Duncan Fallowell has delighted for many years in the letters of his Mexican friend Pedro Friedeberg, but wonders what on earth to do with them

11 April 2015

9:00 AM

11 April 2015

9:00 AM

The year 2015 has been designated one of Anglo-Mexican amity, with celebrations planned in both countries by both governments. But it looks as though one name will be missing from the list: Pedro Friedeberg’s. ‘Who?’ you may ask. Well, in 1982 I was in Mexico City to interview Gabriel García Márquez after he’d won the Nobel Prize for Literature. At a party given by a Mexican art-collector, I noticed several zany pictures on the wall. ‘They’re all by Pedro Friedeberg, my favourite Mexican artist,’ said the collector. I stared at one large framed square after another, at pictures in which the Old World and the New seemed conjoined in a frantic, electrified marriage.

The following week the Mexican currency collapsed. As I was walking past a gallery in the Zona Rosa, a painting in the window arrested me. Strangely attired maidens floated in a room which had a 19th-century look — until I peered more closely and saw that its wallpaper was patterned with tiny repetitions of E=mc2. The picture was entitled ‘The Levitation of the Three Virgins of Guadalajara’, and it was by Pedro Friedeberg.

I went in. The assistant explained that the currency was still collapsing, but did I have any dollars? I did, in the form of traveller’s cheques. In which case the picture could be mine for $120. It was very large. ‘We can ship it to London.’ I wanted it, but I was about to leave for Acapulco. ‘We can reserve it for you.’ I remember thinking at the time that unless I took it with me, I might never see it again, but that it was too big to carry. I turned it down.
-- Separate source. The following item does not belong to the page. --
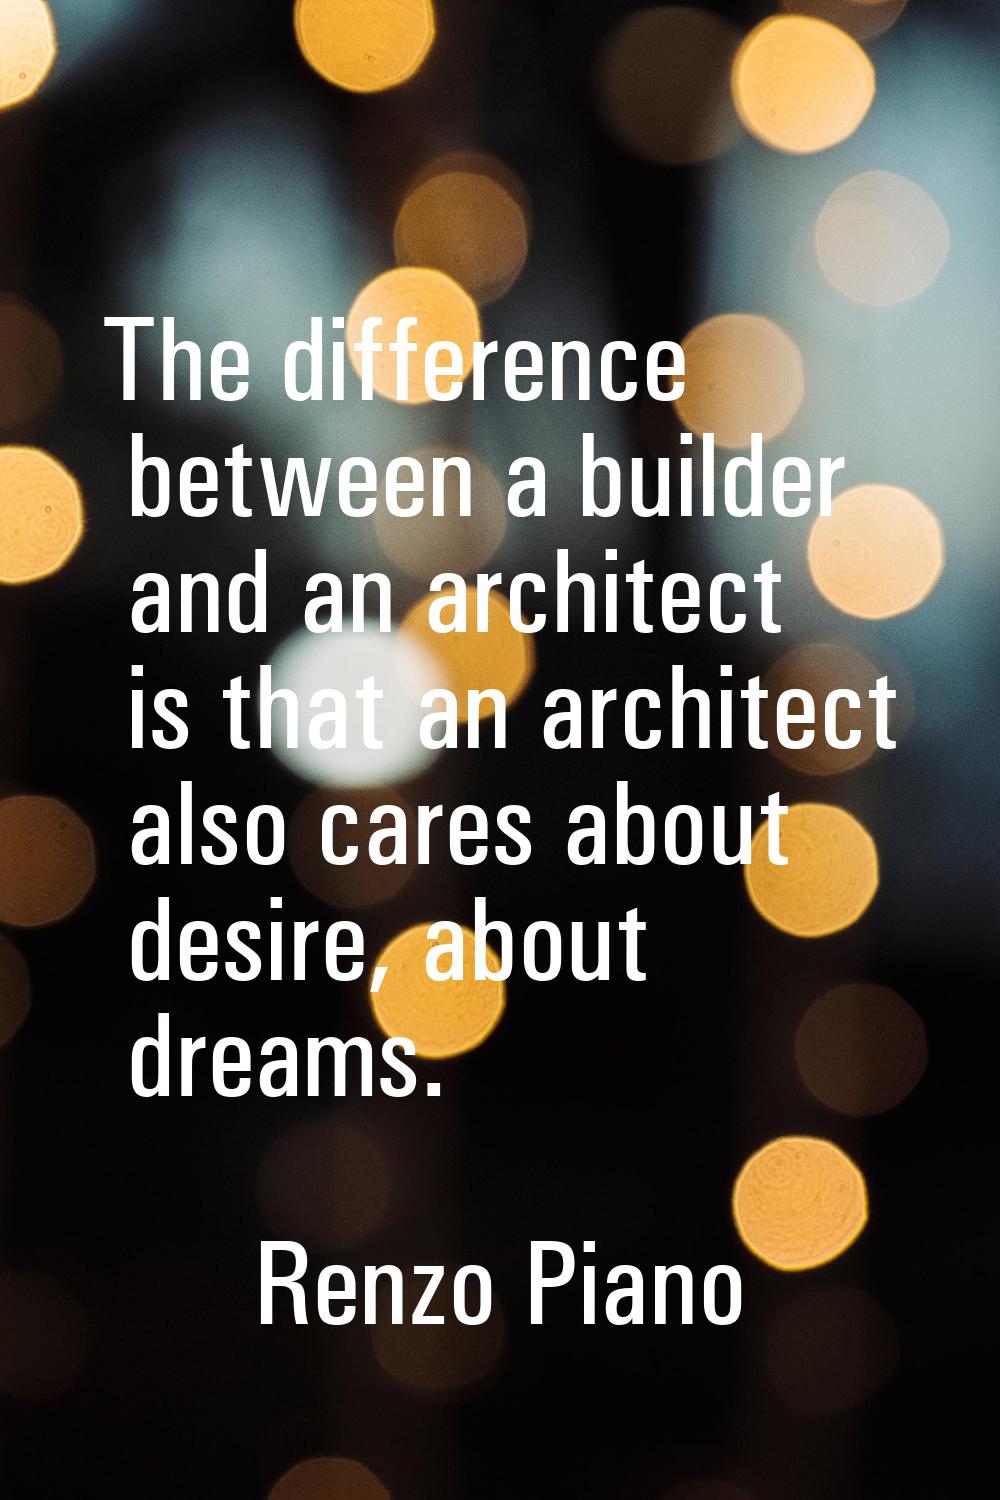 The difference between a builder and an architect is that an architect also cares about desire, abo

I have never stopped kicking myself since. That picture was me, was mine. Travellers sometimes meet with these accidents of good fortune and should always rise to the occasion — but I had failed dismally. So when in 1985 I was asked by Macmillan whether I had any ideas for the cover of my first novel, I immediately thought of Friedeberg, and contacted him. Back came a charming letter in a wry, courteous tone; yes, he’d love to design the cover (in the event it was the cover of my second, The Underbelly, that he did). It was also a letter unlike any I’d had before: adorned with drawings of four chairs in classic 18th-century style but coloured in a high-octane, psychedelic manner. This was Europe — or was it Latin America?— with knobs on. And what about that name of his?
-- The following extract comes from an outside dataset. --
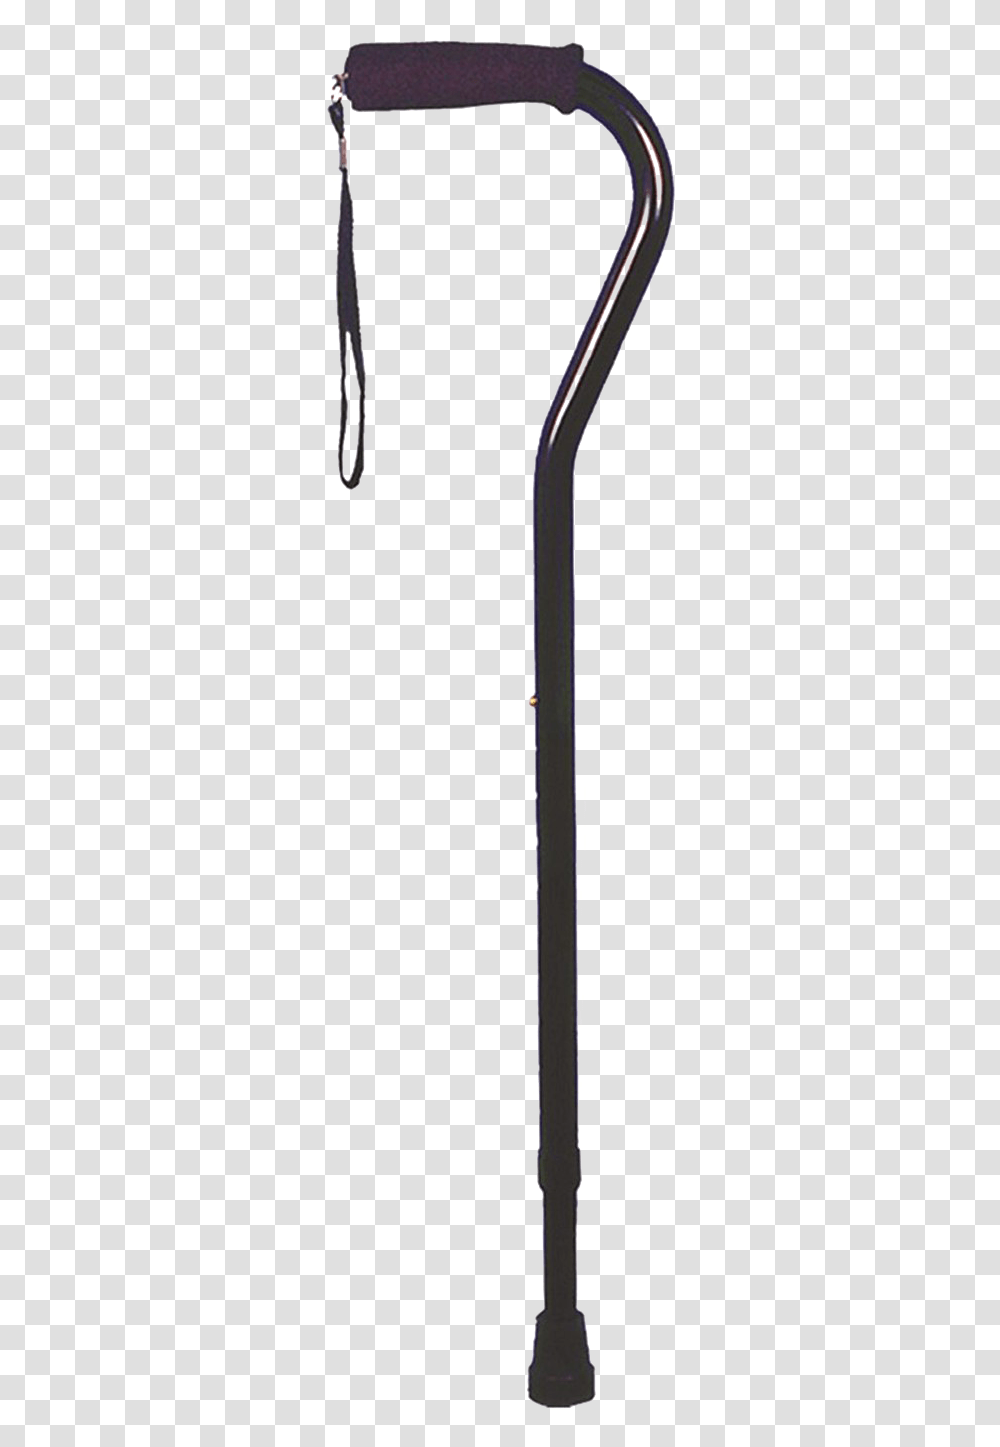 Walking Stick High Quality Image Wind Instrument, Sword, Blade, Weapon, Weaponry Transparent Png

We have been exchanging letters ever since, and the correspondence has grown into something extraordinary. Mine to Pedro are conventional enough, usually on pale blue onion-skin writing paper, sent in air-mail envelopes. But his to me are magnificent creations. The envelopes alone have given many a postman a peyote turn, decorated in coloured inks, stickers and stamps, all the more striking for being done in a highly considered, orderly manner. The letters themselves are usually large single sheets in which the writing winds in and out of some bizarre surrealistic creation in vivid colours. Somehow they could only be Mexican.

pedro2

Pedro’s origins are complex, however, and have given rise to his lifelong habit of layering reality with fantasy, irony and games. He was born in Florence in 1936 to a Jewish mother, Gerda Lansberg, who had left Nazi Germany the previous year. By 1939 she thought it wise to escape Mussolini’s Italy too, against the wishes of Pedro’s father, Heinrich Hoffmann. Her choice of Mexico was influenced by a German friend, Erwin Friedeberg, who’d been born there, and whom she subsequently married. He was a Trotskyite, and Gerda became one of Trotsky’s translators — until his assassination in 1940. Aged 18, Pedro made the startling discovery that ‘Pedro Friedeberg’ wasn’t the name on his birth certificate. These dislocated beginnings infuse his work with its unexpected chemistry: refiguring the world in order to make sense of it — or to avoid it. Escape is one of his major themes and is embodied in the intense perspectival rush of much of his work. Indeed some of his pictures seem to be heading for outer space at high velocity.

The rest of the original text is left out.